24 July 2024
Expenses incurred on the issue of fresh shares through methods like IPO (Initial Public Offering), Rights Issue (RI), QIP (Qualified Institutional Placement), ESOP (Employee Stock Ownership Plan), and Private Placement are generally treated as capital expenditure rather than revenue expenditure. Here’s a breakdown of how these expenses are treated for tax purposes:
### Tax Treatment of Expenses:
1. **Capital Expenditure**: Expenses incurred on the issuance of fresh shares are considered capital in nature because they are related to raising capital for the company. These expenses typically include underwriting fees, legal fees, printing and advertising costs, regulatory filing fees, etc.

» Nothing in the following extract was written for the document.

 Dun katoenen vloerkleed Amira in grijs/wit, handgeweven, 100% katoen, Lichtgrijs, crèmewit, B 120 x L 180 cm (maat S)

2. **Amortization of Expenses**: - **Not Deductible Immediately**: These expenses are not deductible as revenue expenses in the year they are incurred. - **Amortization**: Instead of deducting these expenses in the year they are incurred, they can be amortized (spread out) over a period of time. - **Period of Amortization**: The usual practice is to amortize these expenses over a period of 5 years, starting from the year in which the IPO, Rights Issue, QIP, ESOP, or Private Placement takes place.

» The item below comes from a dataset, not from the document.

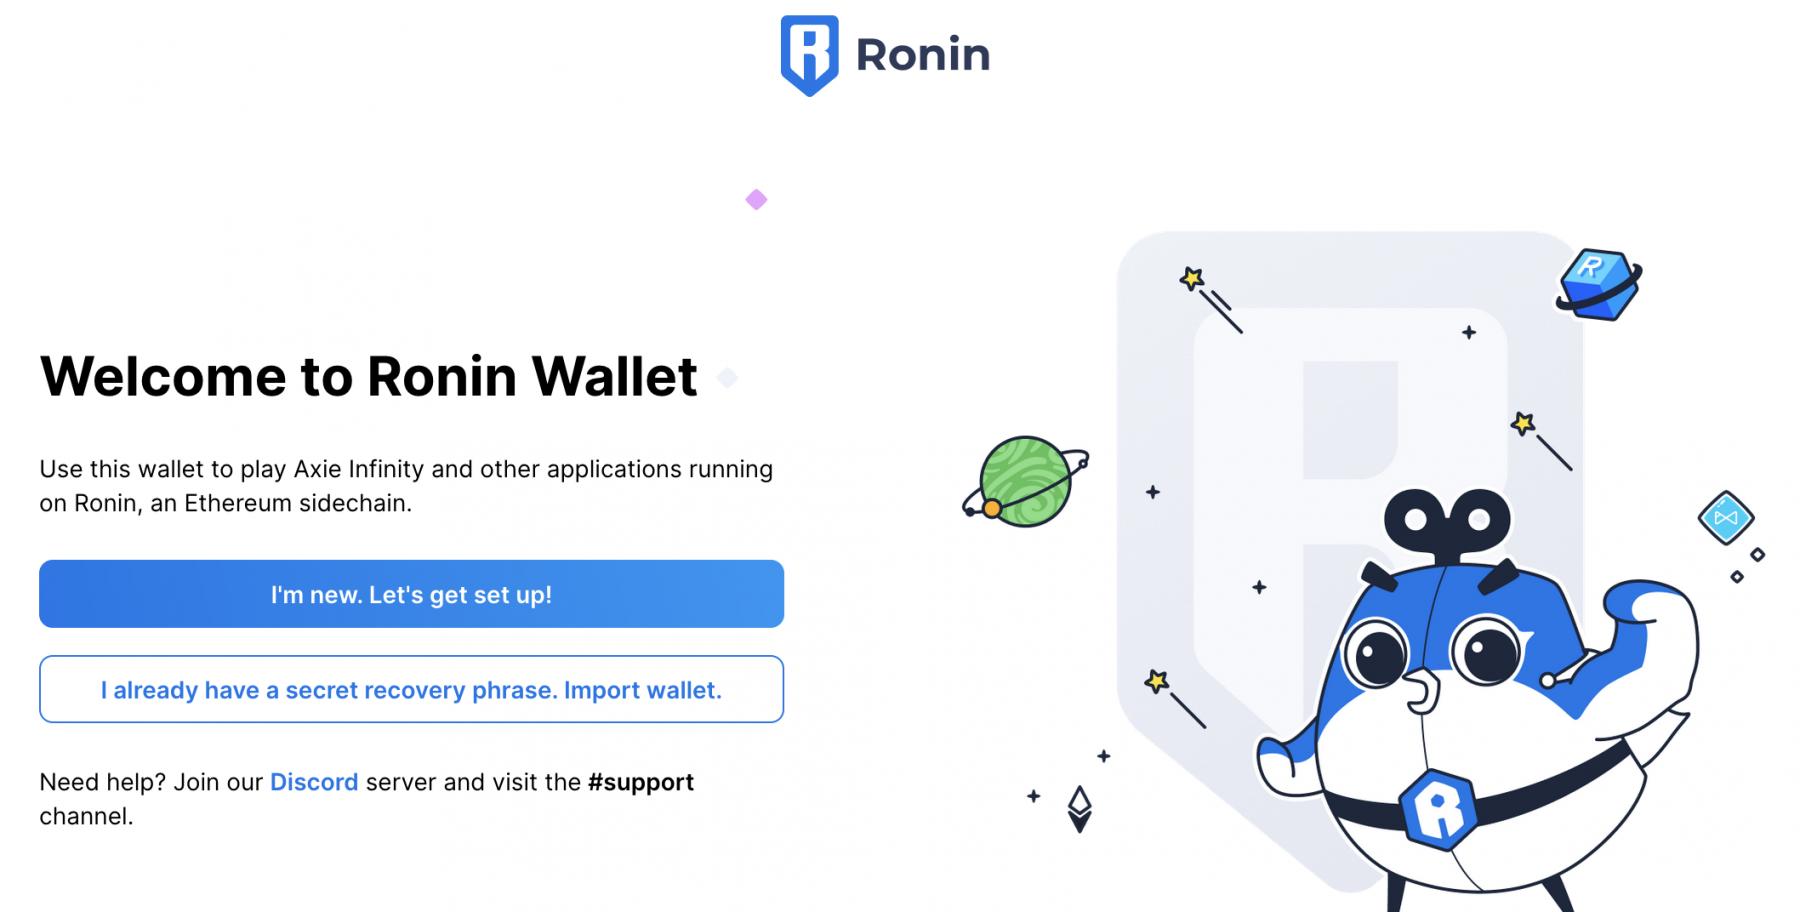 Das neue Ronin Wallet erstellen

3. **Section 35D of Income Tax Act**: Section 35D of the Income Tax Act allows for the amortization of certain preliminary expenses, including expenses related to the issue of shares. These expenses are amortized evenly over a period of 5 years from the commencement of business or from the year in which the expenses are incurred, whichever is later.

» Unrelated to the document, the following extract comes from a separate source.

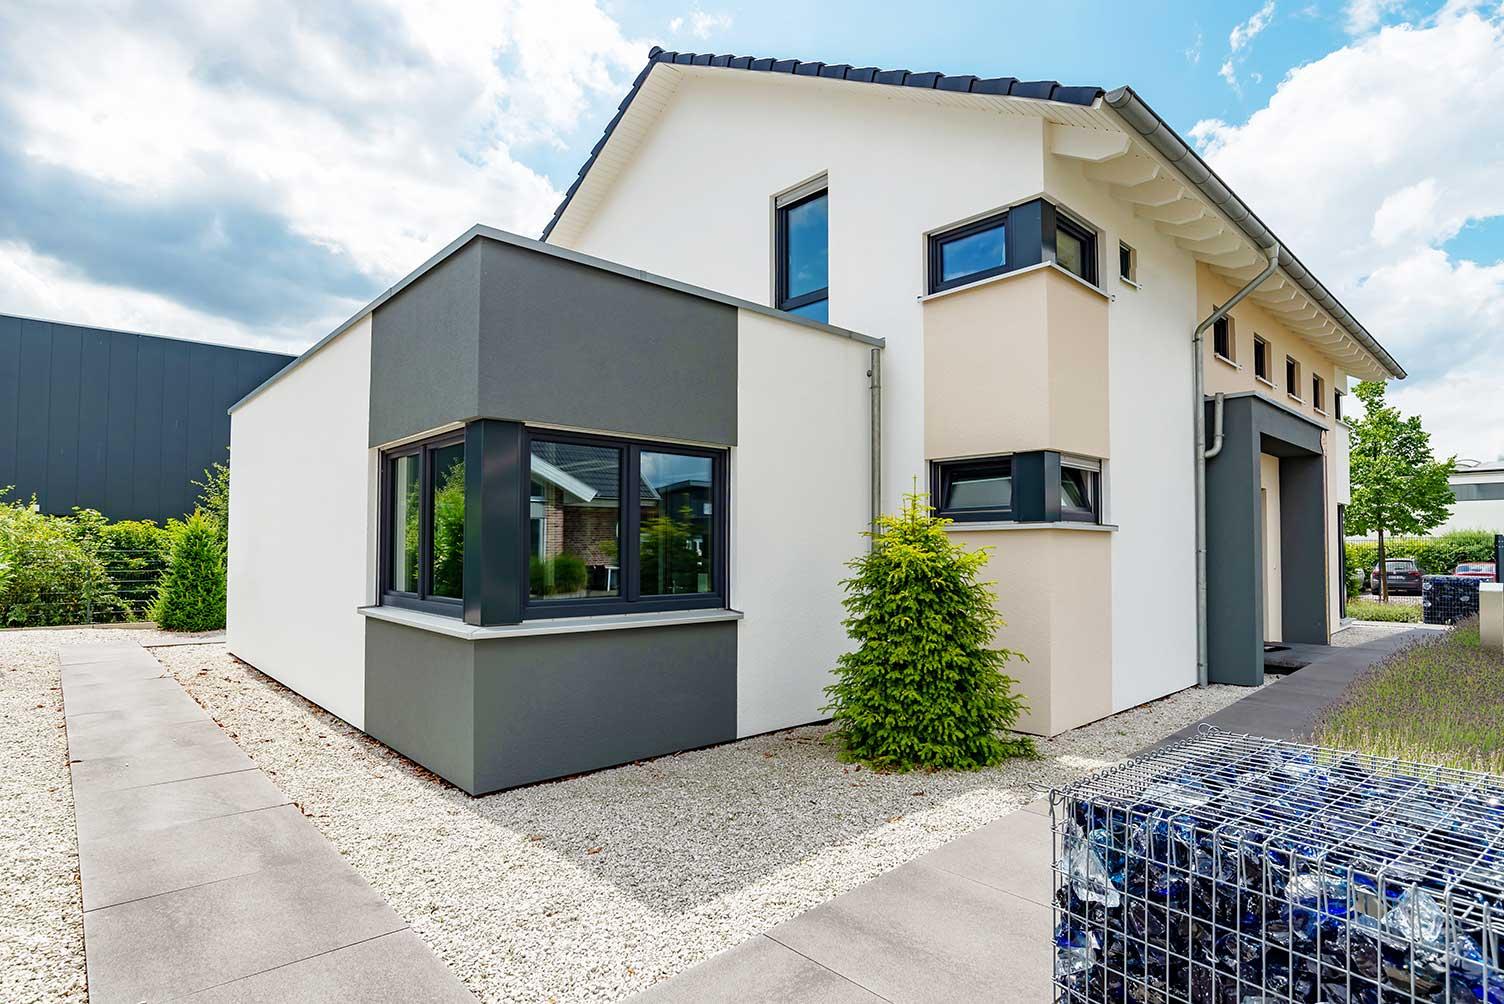 Anthrazitfarbene Fenster lassen die Fassade des Eigenheims im modernen Look erscheinen.

### Example of Amortization:
- Suppose a company incurs Rs. 50 lakh as expenses related to an IPO in the financial year 2023-24. - These expenses can be amortized at Rs. 10 lakh per year for the next 5 years (2023-24 to 2027-28).
### Points to Consider:
- **FEMA Regulations**: Ensure compliance with FEMA regulations if the company is raising capital through foreign investors or through ADRs/GDRs in case of IPOs. - **Consultation**: It’s advisable to consult with a tax advisor or chartered accountant to ensure proper treatment and compliance with tax laws specific to your jurisdiction.
### Conclusion:
Expenses incurred on the issue of fresh shares through IPO, RI, QIP, ESOP, and Private Placement are considered capital expenditure and can be amortized over a period of 5 years under Section 35D of the Income Tax Act. This treatment allows companies to spread out the cost of raising capital and helps in managing their taxable income effectively over the amortization period.